Claire House Children's Hospice
- Formation: 1998
- Headquarters: Bebington, Wirral Peninsula
- Location: 53°19′52″N 3°01′28″W﻿ / ﻿53.33111°N 3.02444°W;
- Region served: Wirral, Cheshire, Merseyside, North Wales, St Helens, Isle of Man.
- Leader: David Pastor
- Staff: 200+
- Volunteers: 1000+

= Claire House Children's Hospice =

Children's hospice in Merseyside, England

Claire House Children's Hospice is a children's hospice in Merseyside.

The hospice helps seriously and terminally ill children and young adults from 0–23 years by providing specialist nursing care and emotional support. It has provided care for children and young people across Merseyside, Cheshire and North Wales since it opened in 1998.

The organisation has two sites: a hospice in Bebington, the Wirral, and the Hub in West Derby, Liverpool, that offers day care. Support can be provided at Claire House or at home and can be for the child, young person or for family members.

The charity has featured on Children in Need in 2011, 2014 and 2016. It also has high-profile supporters including Steven Gerrard and Wayne Rooney.

As of 2017, the charity is providing care for over 200 babies, children and young people and supporting more than 200 bereaved families. In July 2015 Claire House was rated as 'Outstanding' by the Care Quality Commission.

Claire House, Wirral is open 24 hours a day, seven days a week and offers a range of services. Children can have fun in the multi-sensory room, art room, hydrotherapy pool and Jacuzzi. There is a separate wing complete with bar, sound system and Xbox for teenagers and young adults. Claire House also provides end of life care, ensuring that a child's last days are as comfortable and memorable as possible.

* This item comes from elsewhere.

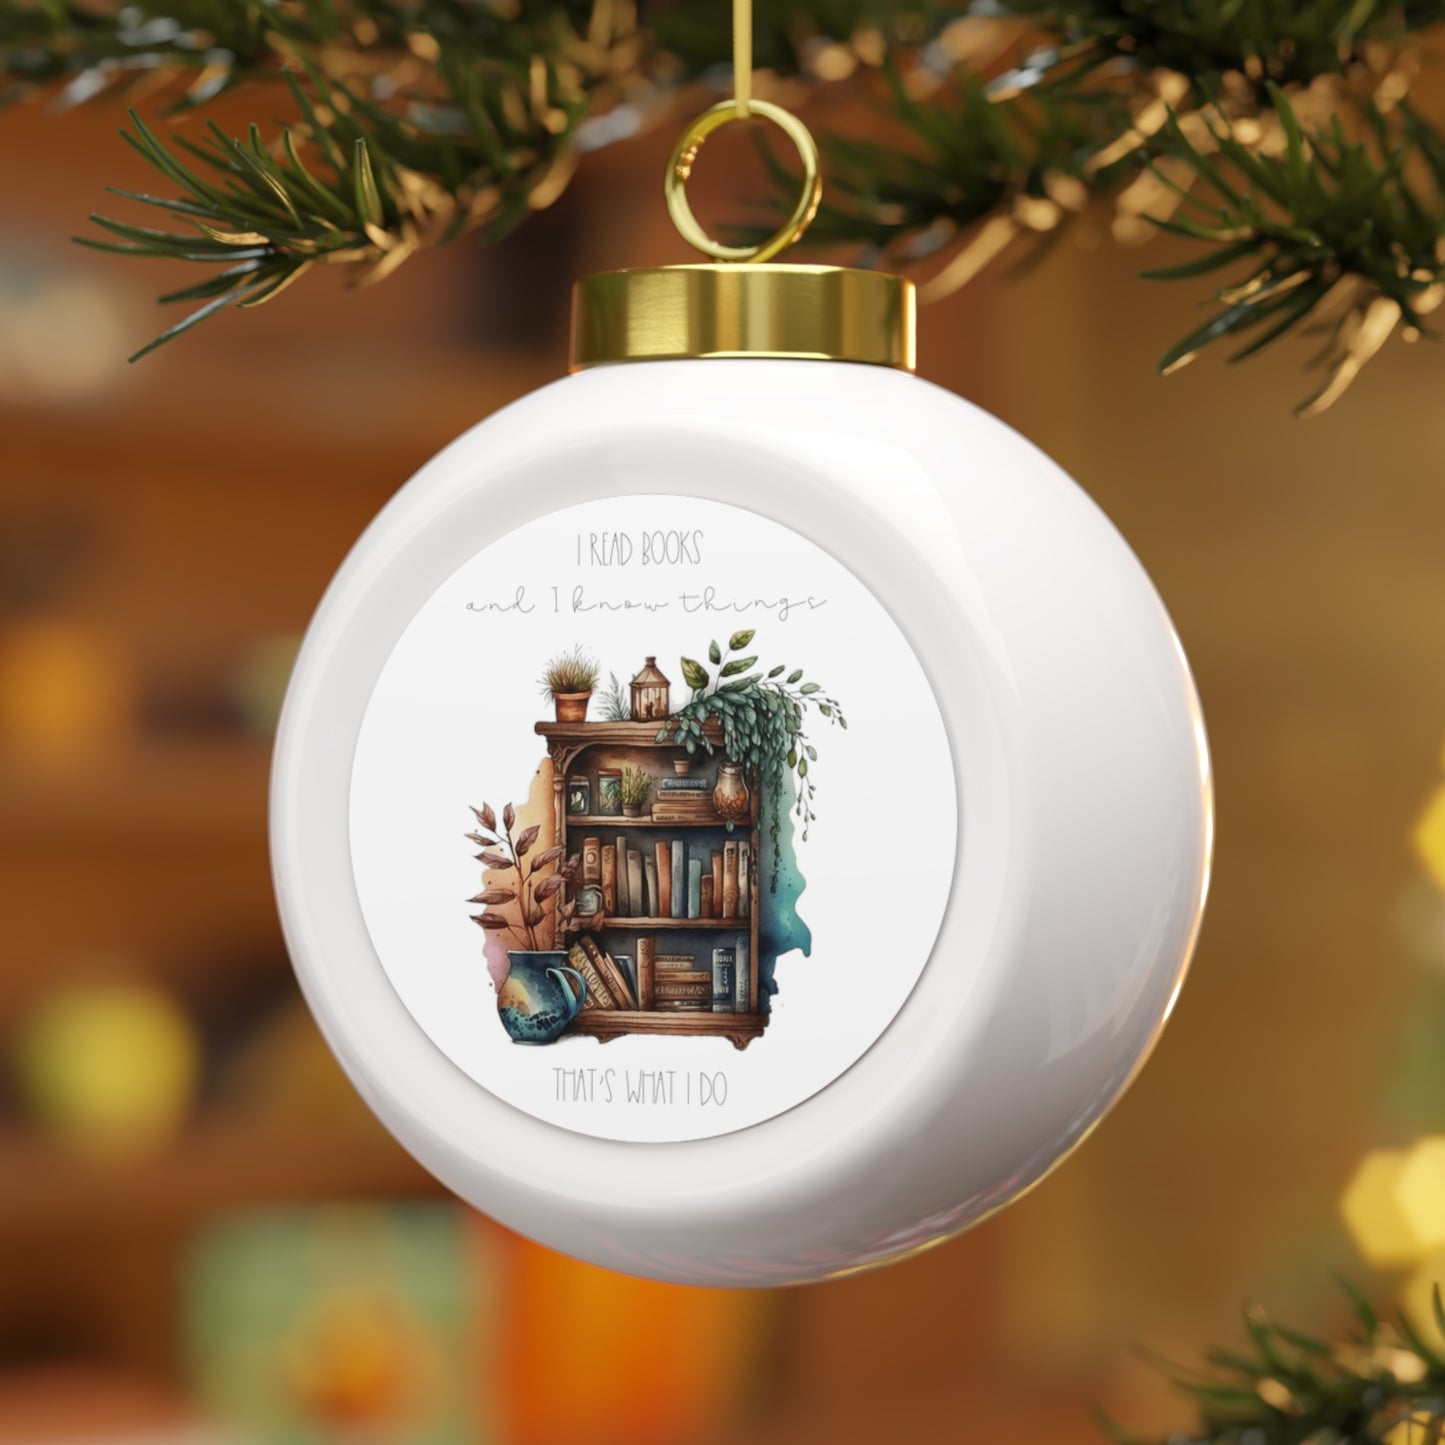 Christmas Ball Ornament “I read books and I know things. That’s what I do.”

In 2016 the charity occupied a site in West Derby, Liverpool, that used to be a Carmelite Monastery. The Claire House Liverpool Hub opened in the summer of 2017, offering services such as counselling, holistic therapies and hospice to home support. Claire House hopes to one day open a new-state-of-the-art hospice on the site and reach out to more children in Merseyside.

Supporters of the charity include the Mowgli Trust which has donated £325,000. The trust was established by Nisha Katona, whose company Mowgli Street Food is headquartered in Liverpool.